Building Your Own Agent from Scratch
Today, we will systematically build a customized Agent from scratch. Following our previous exploration of Agent principles, this section will be based on the ReAct paradigm (for background, please refer to previous articles) and gradually implement a complete workflow for a lightweight LLM Agent.
Step 1: Building the Tool Library
In the ReAct paradigm, Agents rely on external tools to execute tasks. The following example is from the implementation in tools.py, which includes a Google search tool function.
{
'name_for_human': 'Google Search',
'name_for_model': 'google_search',
'description_for_model': 'Google Search is a general-purpose search engine that can be used to access the internet, query encyclopedic knowledge, stay updated on current events, and more.',
'parameters': [
{
'name': 'search_query',
'description': 'Search keywords or phrases',
'required': True,
'schema': {'type': 'string'},
}
],
}
Tool definitions need to specify four core elements:
- Human-readable name (name_for_human)
- Model call identifier (name_for_model)
- Function description (description_for_model)
- Parameter specification (parameters)
The implementation of the Google search function is as follows, based on the Serper API (new registrations get 2,500 free calls):
def google_search(search_query: str):
url = "https://google.serper.dev/search"
payload = json.dumps({"q": search_query})
headers = {
'X-API-KEY': 'xxxxxx',
'Content-Type': 'application/json'
}
response = requests.request("POST", url, headers=headers, data=payload).json()
return response['organic'][0]['snippet']
With this, one tool is complete. Next, to align with the theme of code intelligence, let's add another tool for code compilation checking.

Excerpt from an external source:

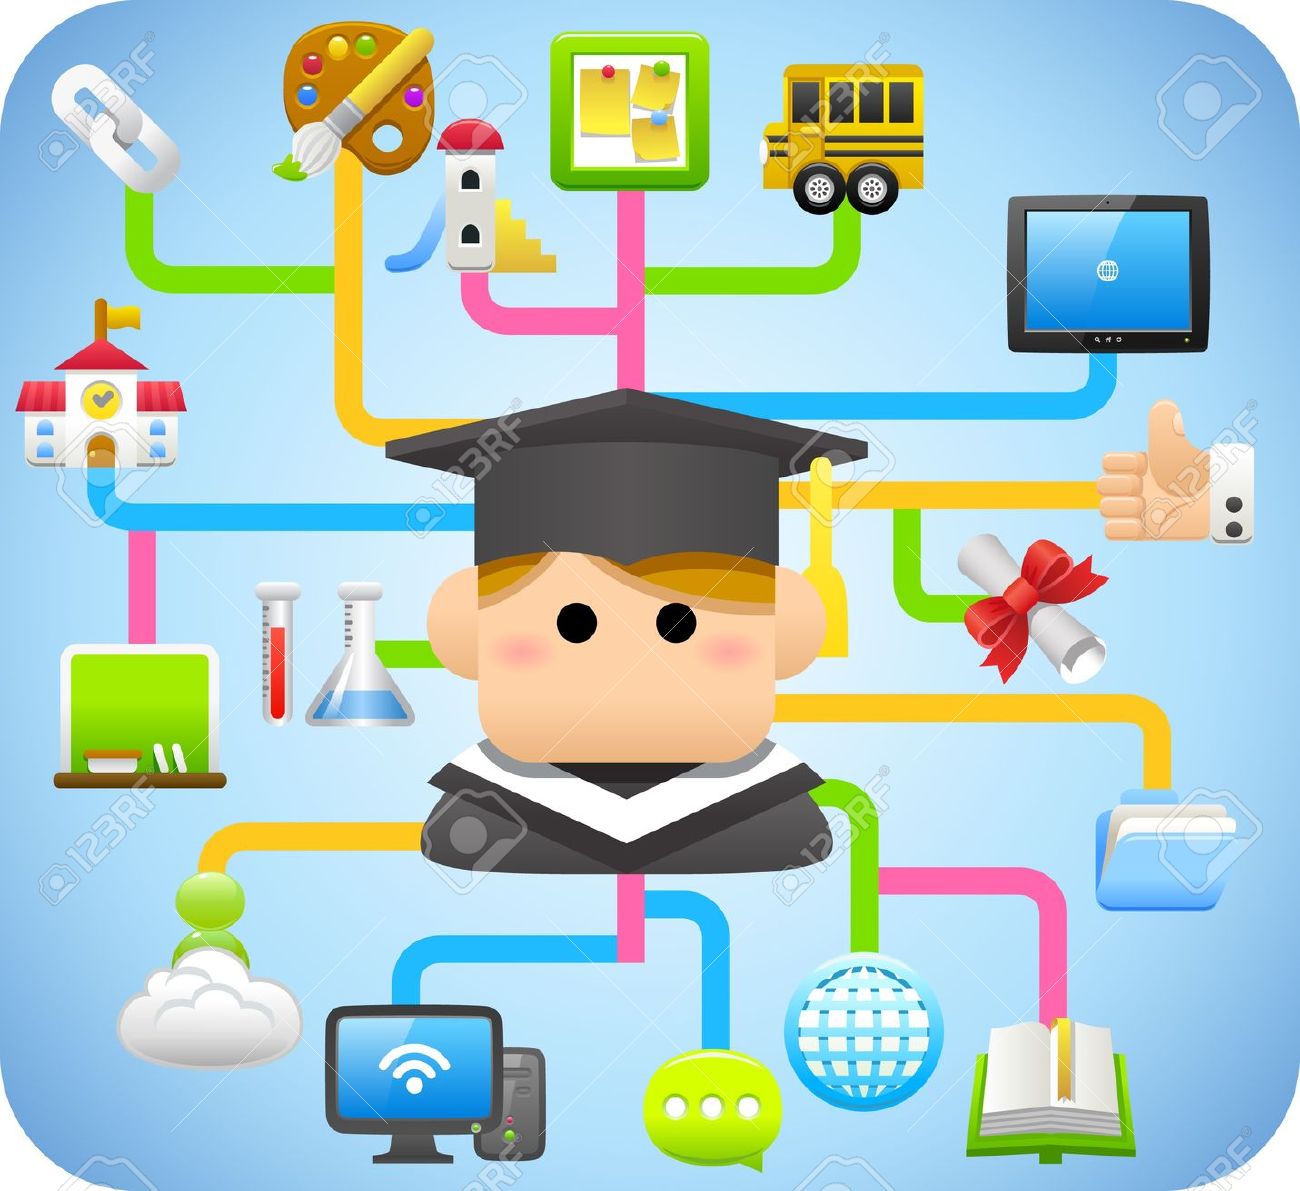 business technology clipart - photo #7

First, the code checking function is defined as follows:
{
'name_for_human': 'Code Check',
'name_for_model': 'code_check',
'description_for_model': 'Code Check is a code checking tool that can be used to check code errors and issues.',
'parameters': [
{
'name': 'language',
'description': 'Full language type name',
'required': True,
'schema': {'type': 'string'},
},
{
'name': 'source_code',
'description': 'Source code',
'required': True,
'schema': {'type': 'string'},
}
]
}
The code checking function involves two parameters: language type and source code. The implementation of the check_code function can be found in tree_sitter_parser.py in the repository.
Now that both tools are ready, let's start constructing the Agent workflow.
Step 2: Building the ReAct Workflow
The ReAct paradigm completes tasks by iteratively executing four stages: "Thought-Action-Observation-Final Answer"
- Thought: Agent analyzes context and task objectives
- Action: Agent makes decisions and calls tools
- Observation: Agent parses tool return results
- Final Answer: Agent outputs final conclusions
Based on the above workflow, the corresponding ReAct prompt in the project is as follows, found in agent.py:
Answer the following questions as best you can. You have access to the following tools:
google_search: Call this tool to interact with the Google Search API. What is the Google Search API useful for? Google Search is a general-purpose search engine that can be used to access the internet, query encyclopedic knowledge, stay updated on current events, and more. Parameters: [{'name': 'search_query', 'description': 'Search keywords or phrases', 'required': True, 'schema': {'type': 'string'}}] Format the arguments as a JSON object.
code_check: Call this tool to interact with the Code Check API. What is the Code Check API useful for? Code Check is a code checking tool that can be used to check code errors and issues. Parameters: [{'name': 'language', 'description': 'Full language type name', 'required': True, 'schema': {'type': 'string'}}, {'name': 'source_code', 'description': 'Source code', 'required': True, 'schema': {'type': 'string'}}] Format the arguments as a JSON object.
Use the following format:
Question: the input question you must answer Thought: you should always think about what to do Action: the action to take, should be one of [{tool_names}] Action Input: the input to the action Observation: the result of the action ... (this Thought/Action/Action Input/Observation can be repeated zero or more times) Thought: I now know the final answer Final Answer: the final answer to the original input question
Begin!
The prompt is divided into two parts. First, it describes to the LLM the tools it can call, including Google Search and Code Check.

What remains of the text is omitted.